Q: Do embedded finance products suffer an inherent lack of transparency?

AM: As Cristina said, there is a risk that when you get two institutions together, they will talk about how big they can make the pie, then argue about the size of the slice they each get. It’s not necessarily about making things better for the consumers.


PH: Once you start to embed things like credit, there is only a particular level of complexity that can be disclosed. A cynic like me might argue that one of the purposes of complexity is to make price comparisons deliberately difficult because companies don’t want to be compared solely on a single number. The other issue is that these products blur the distinction between one part of your life and another, for instance blurring the distinction between deciding to buy something and financing it.
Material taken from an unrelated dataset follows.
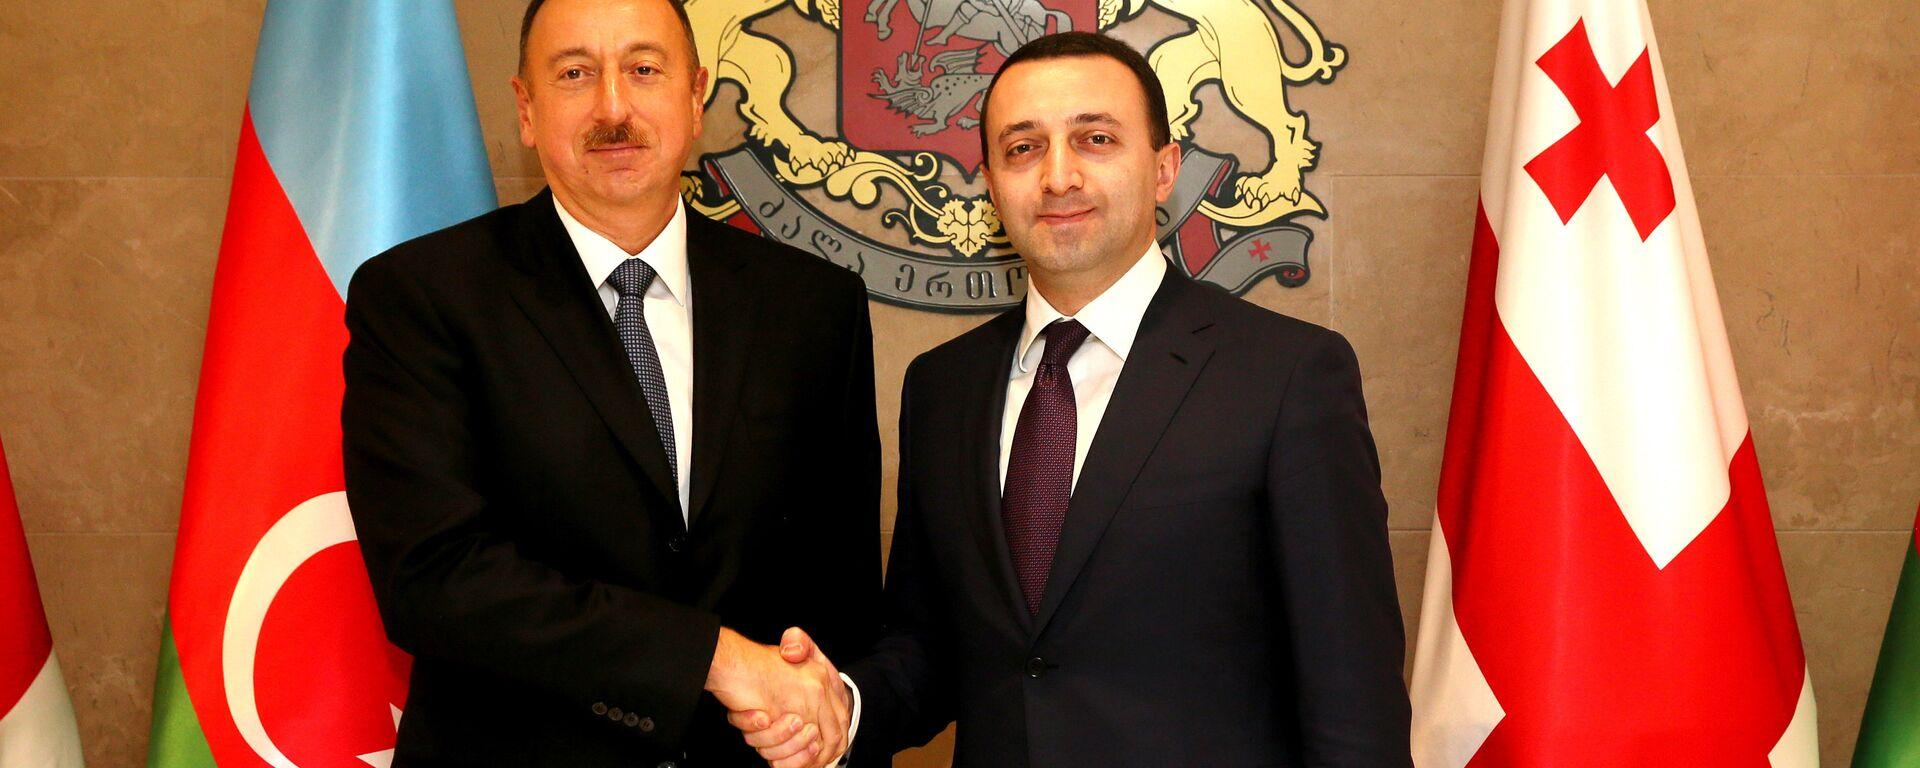 Премьер Грузии Ираклий Гарибашвили и президент Азербайджана Ильхам Алиев - Sputnik Грузия, 1920, 28.05.2021

Q: But isn’t this blurring that generates the convenience?

PT: There is more subtlety than that. Having everything in one place generates confusion. If you look at the social media world, you might use one app for photo sharing and another for video sharing. It’s the way we work, psychologically, it’s how we understand and partition. I think that technology often works best when it reflects the objects in the real world rather than being necessarily superefficient.


PH: When people talk about simplification, what they are not saying is take a bunch of very different things and put a wrapper over them and somehow the world will be a less complicated place. Mixing your electricity bills with your pension would just add to complexity.


Under embedded finance, financial services become a hidden part of a product. What does that do to the value of financial brands?

PH: I suspect brands will continue to be very important, especially in the retail world, where people simply cannot do due diligence with every potential counterparty. Research suggests people are more open to handing their financial life over to different types of brands—and the interesting question is whether they would be happy putting their money in the hands of a tech company—but they will still want to deal with a company with a brand presence. And that brand may well be a bank.